One of the biggest things we’ve invested in is a rule-driven monitoring engine. Instead of hardcoding logic, we’ve made it fully configurable. So when regulations shift,  and they always do, we can update workflows on the fly, without writing a single line of code.

Everything is also built to be auditable. We maintain detailed logs and decision trails for every critical step. Whether a transaction is approved, flagged, or rejected, we can always answer the “why” with clarity and confidence.

Our infrastructure is built to be modular and adaptable—whether it’s new regulations or onboarding a new partner, we can integrate with minimal friction, ensuring we stay compliant without ever slowing down the business.

How do you approach the balance between rapid innovation and maintaining the stability and security of Skydo's payment platform?

In fintech, speed can’t come at the cost of stability, especially when you’re dealing with money, identity, and compliance. We’ve built Skydo’s architecture with that in mind.

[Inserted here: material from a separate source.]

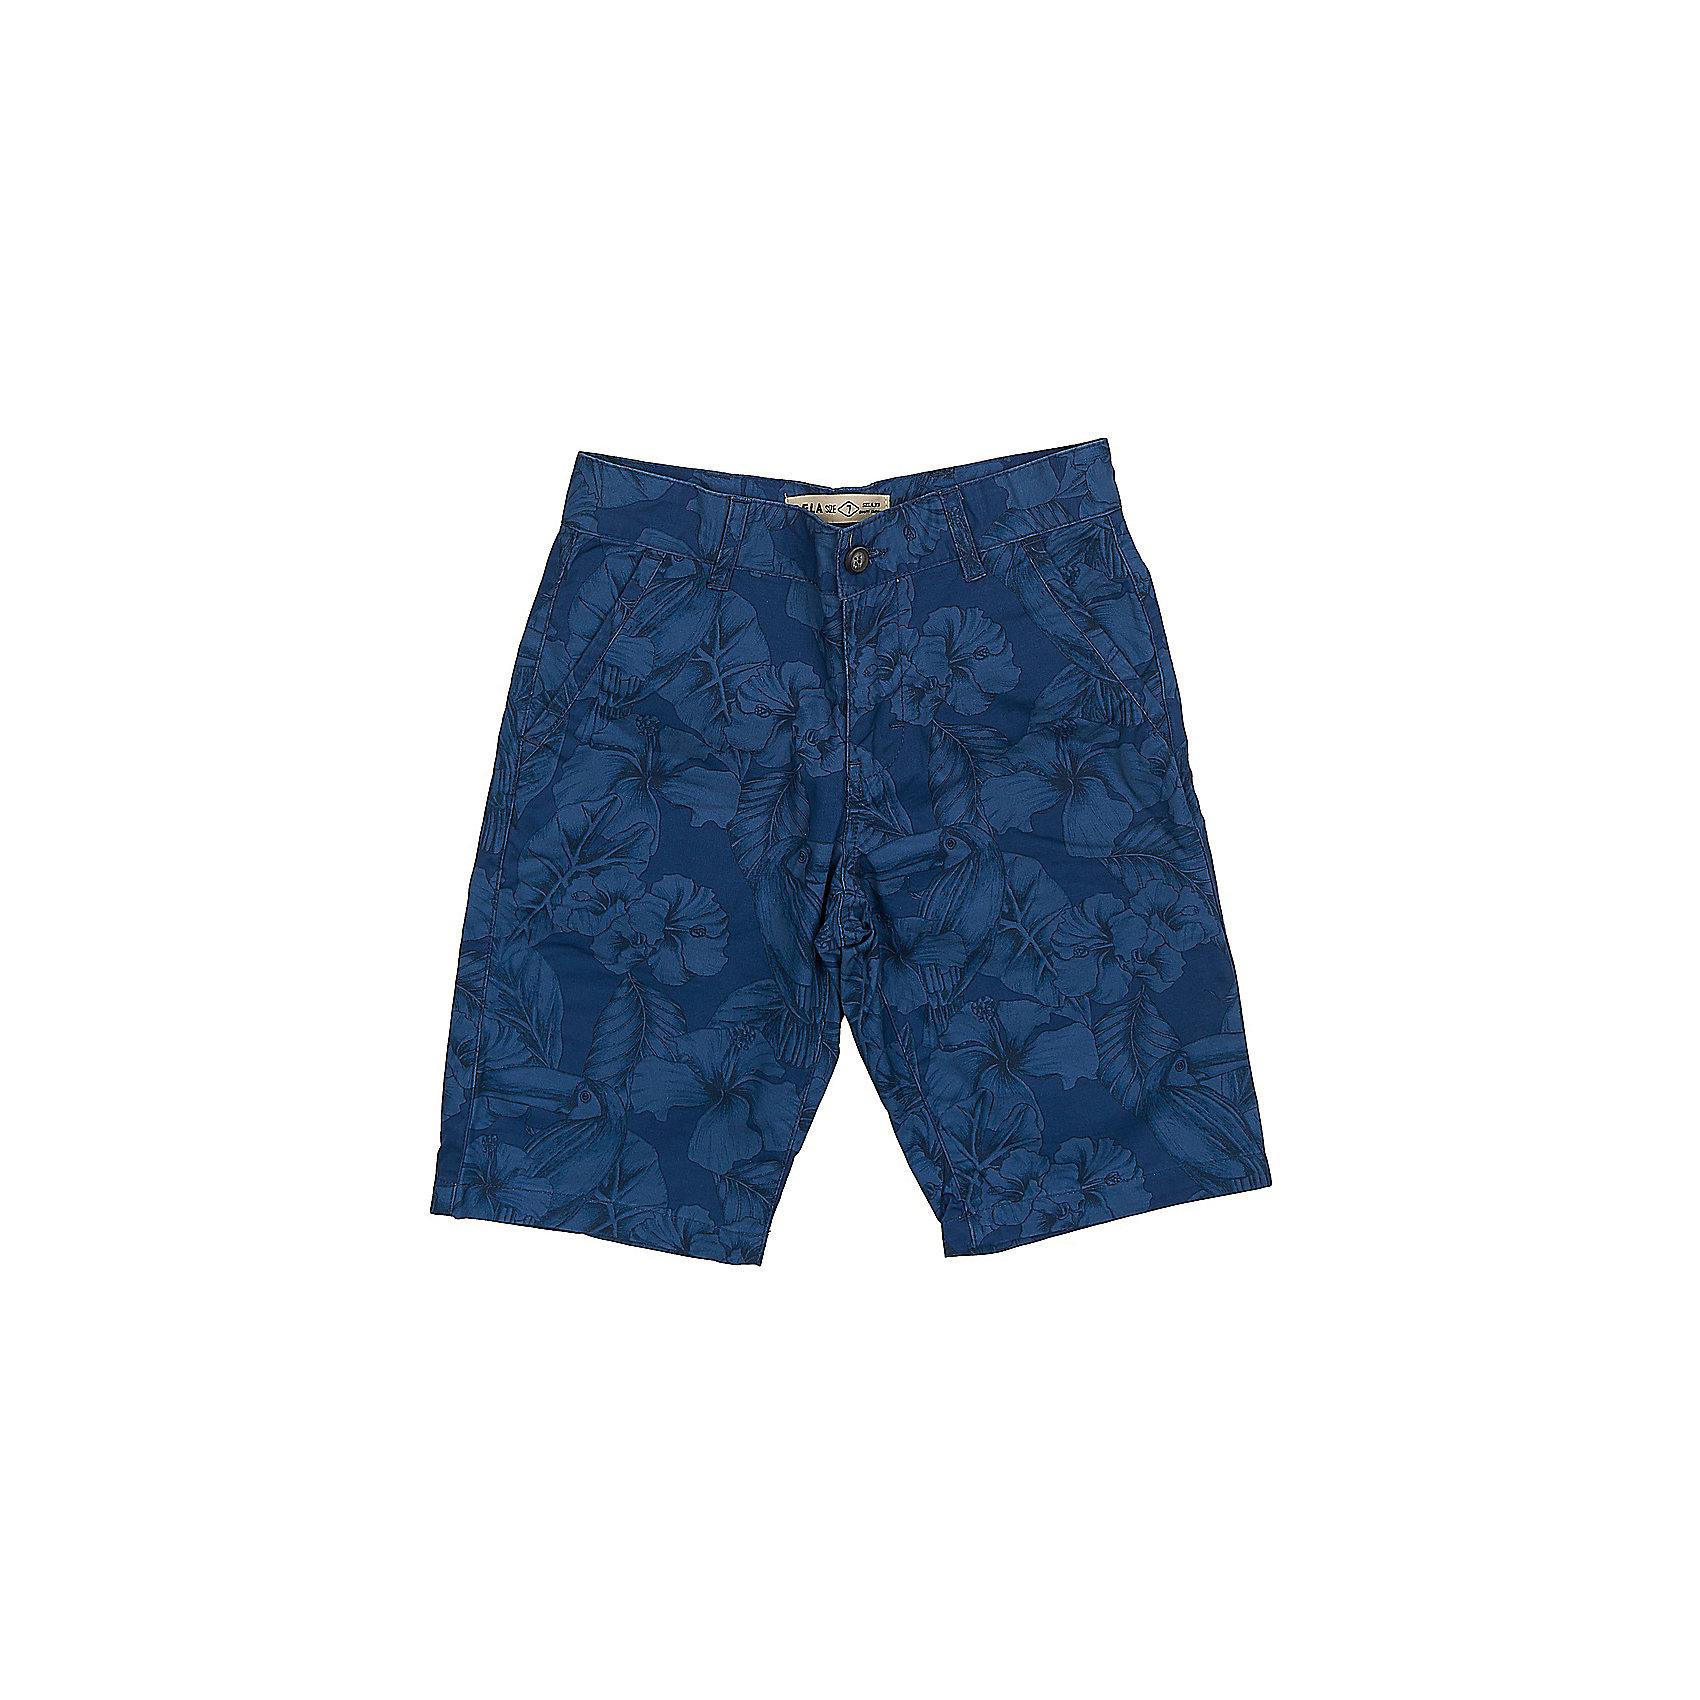 Шорты для мальчика SELAСтильные шорты для мальчика от популярного бренда SELA. Изделие выполнено из натурального гипоаллергенного материала, хорошо держащего форму, дышащего и приятного к телу, и обладает следующими особенностями:<br>- темно-синий цвет, эффектный принт;<br>- пояс со шлевками для ремня;<br>- удобная застежка;<br>- функциональные карманы;<br>- комфортный крой, не сковывающий движения.<br>Отличный выбор для активного лета!<br><br>Дополнительная информация:<br>- состав: 100% хлопок<br>- цвет: темно-синий + принт<br><br>Шорты для мальчика SELA (СЕЛА) можно купить в нашем магазине<br><br>Ширина мм: 191<br>Глубина мм: 10<br>Высота мм: 175<br>Вес г: 273<br>Цвет: синий<br>Возраст от месяцев: 120<br>Возраст до месяцев: 132<br>Пол: Мужской<br>Возраст: Детский<br>Размер: 152,140,134,128,122,146,116<br>SKU: 4741839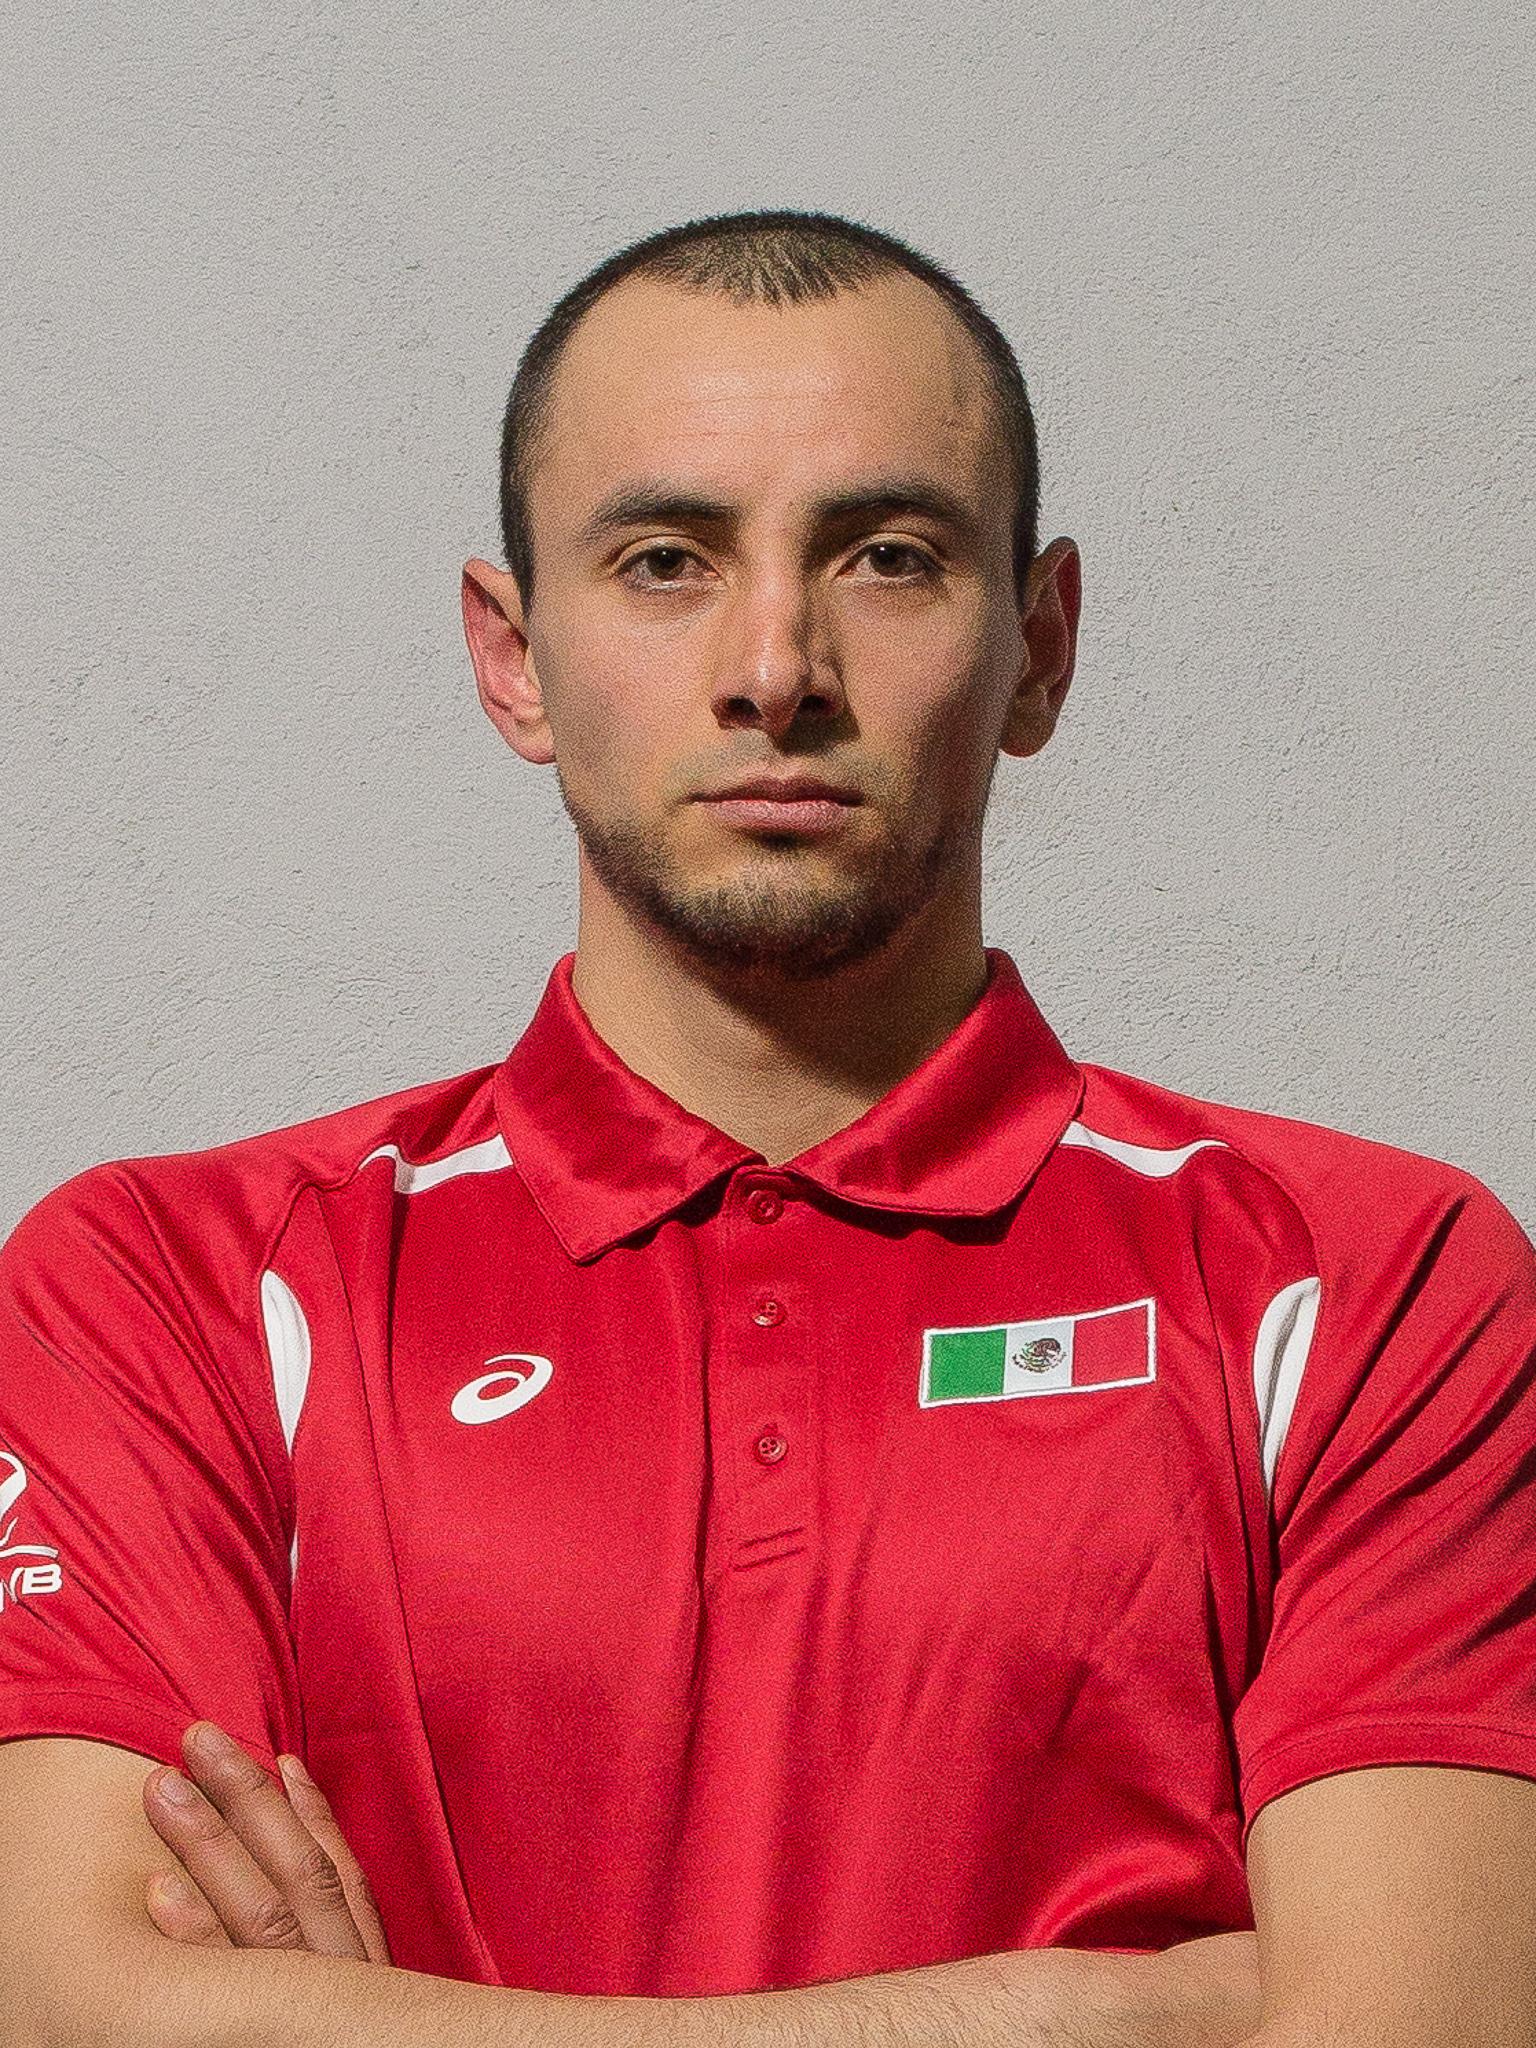 Daniel Vargas

Our core infrastructure,  fund movement, compliance, and identity are isolated from the faster-moving layers like UI and analytics. That separation lets us ship updates and features quickly, without touching the critical path.

We’ve built strong guardrails into our release process, with every change passing through automated security and regression tests, strict code reviews for high-risk modules, and real-time monitoring with fallback systems to ensure stability across critical flows

This setup lets us move fast, but with confidence. Teams can innovate quickly, knowing the platform’s foundation is solid and secure.

Looking forward, what are the most significant technological advancements you anticipate impacting the future of cross-border payments, and how is Skydo preparing to adapt?

We’re entering a transformative phase for global payments. Technologies like CBDCs and blockchain-based rails could fundamentally shift how money moves across borders, making payments faster, more transparent, and potentially even real-time.

We’re also watching Open Banking and embedded finance closely. Businesses increasingly expect seamless, in-product payment flows without jumping between systems. That’s why we’re building white-labeled and embedded API solutions, so our partners can offer global payments natively in their platforms, while we handle the complexity behind the scenes.

And of course, AI will continue to be a force multiplier. We see massive potential in using AI to make compliance and risk decisions faster and more precisely. Automating these layers reduces cost and human error, while speeding up transaction processing, which benefits both our team and our customers.

We don’t see these shifts as disruptions. We see them as opportunities to build the kind of infrastructure that global businesses will rely on for the next decade.